Это значит, что я с равным правом могу сказать: литература, письмо или текст. Силы свободы, заключенные в литературе, не зависят ни от гражданской личности, ни от политической ангажированности писателя (который, в конечном счете, есть всего лишь человек среди многих других), ни даже от направленности его произведений, но от той работы по смещению, которую он производит над языком: с этой точки зрения, Селин не менее важен, чем Гюго, а Шатобриан чем Золя. Здесь я имею в виду ответственность формы; эта ответственность, однако, не может быть оценена при помощи идеологических критериев; вот почему, собственно, науки об идеологии всегда могли так мало сказать о ней. Я хочу назвать здесь три таких силы, обозначив их тремя греческими терминами: Матесис, Мимесис, Семиосис.
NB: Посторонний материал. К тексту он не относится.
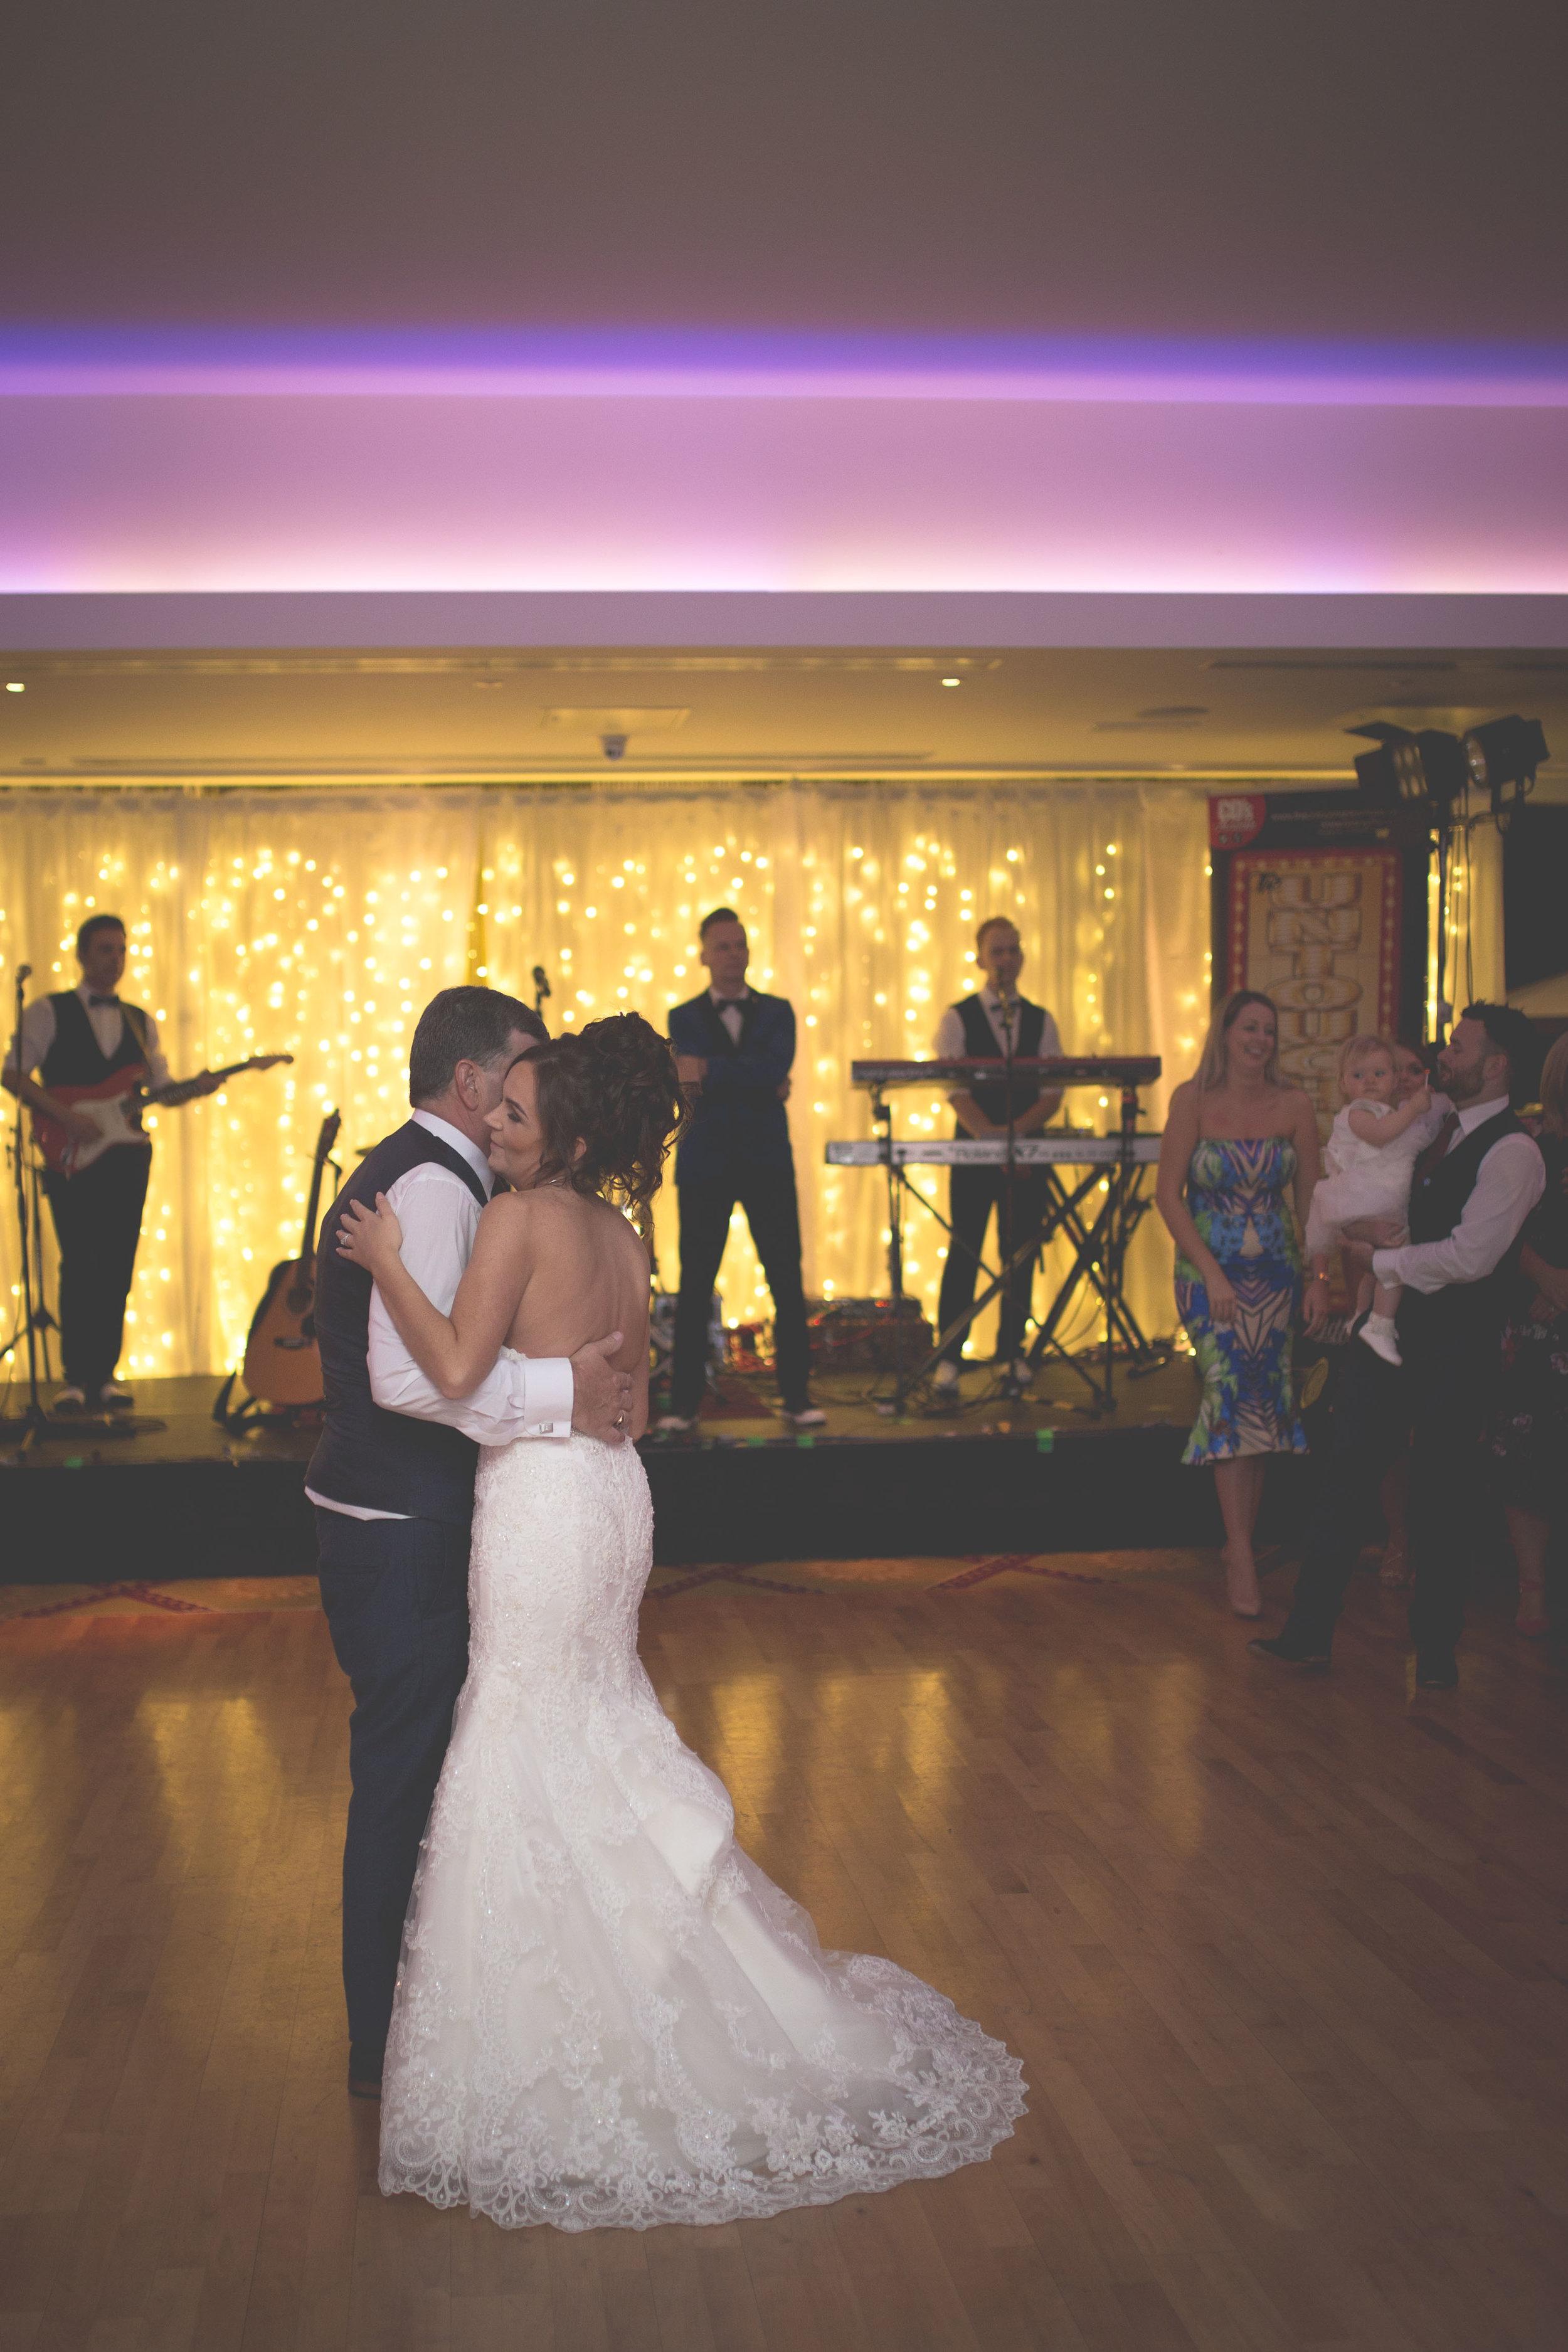 Aisling & Andy - First Dance-37.jpg
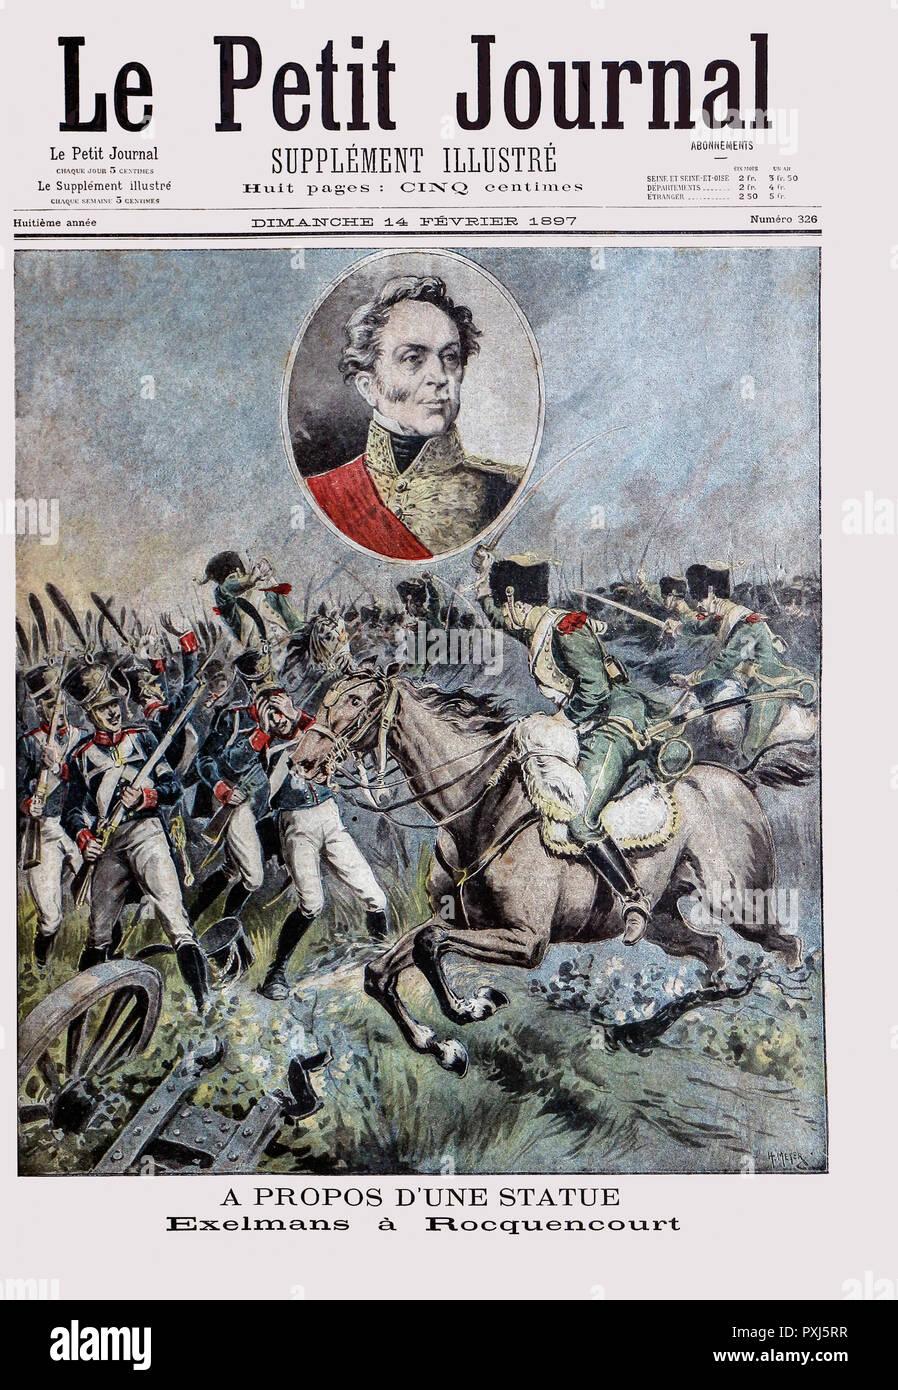 Le Petit Journal - Stock Image

Литература заключает в себе много разнообразных знаний. В таком романе, как "Робинзон Крузо", содержится историческое, географическое, социальное (колониальное), техническое, ботаническое, антропологическое (Робинзон совершает переход от природы к культуре) знание. Если бы в результате некоего извращения социализма или эксцесса варварства из преподавания потребовалось исключить все предметы, кроме одного, то оставить следовало бы именно литературу, ибо в любом литературном произведении присутствуют все науки разом. В этом смысле можно сказать, что литература - каковы бы ни были школы, от лица которых
551
она выступает, - является абсолютно, категорически реалистичной: она и есть реальность, точнее, самый свет реальности. Будучи в данном отношении поистине энциклопедичной, литература, однако, вовлекает все эти знания в своего рода круговорот, она не отдает предпочтения ни одному из них, ни одно из них не фетишизирует. Она отводит им как бы косвенное место, но эта-то косвенность и драгоценна. С одной стороны, она позволяет намекнуть на потенциальные виды знания, еще не предугаданные, не возникшие: литература работает как бы в пустотах, существующих в теле науки, она всегда либо отстает, либо опережает последнюю; она подобна Болонскому камню, ночью испускающему свет, поглощаемый днем, и этим своим вторичным свечением встречающему каждую новую зарю. Наука груба, жизнь же соткана тонко, и литература так важна для нас именно потому, что позволяет заполнить зазор между ними. С другой стороны, знание, мобилизуемое литературой, ни в коем случае не является ни полным, ни окончательным; литература не заявляет, будто знает нечто, она лишь говорит, что знает кое о чем или - лучше - что она кое-что знает - знает о людях очень и очень много. То, что ей известно о людях, можно было бы обозначить как гигантское языковое месиво, над которым они трудятся и которое трудится над ними самими - тогда, например, когда литература воспроизводит все многообразие человеческих социолектов или когда, отталкиваясь от этого многообразия, которое она ощущает как языковую распрю, литература пытается выработать некий предельный язык, нулевую степень социолектов. Именно потому, что литература не просто использует язык, но как бы выставляет его на всеобщее обозрение, она вовлекает знание в нескончаемую работу некоего рефлексивного механизма, где знание, с помощью письма, безостановочно размышляет о самом знании, хотя делает это уже не по законам эпистемологического, а по законам драматического дискурса.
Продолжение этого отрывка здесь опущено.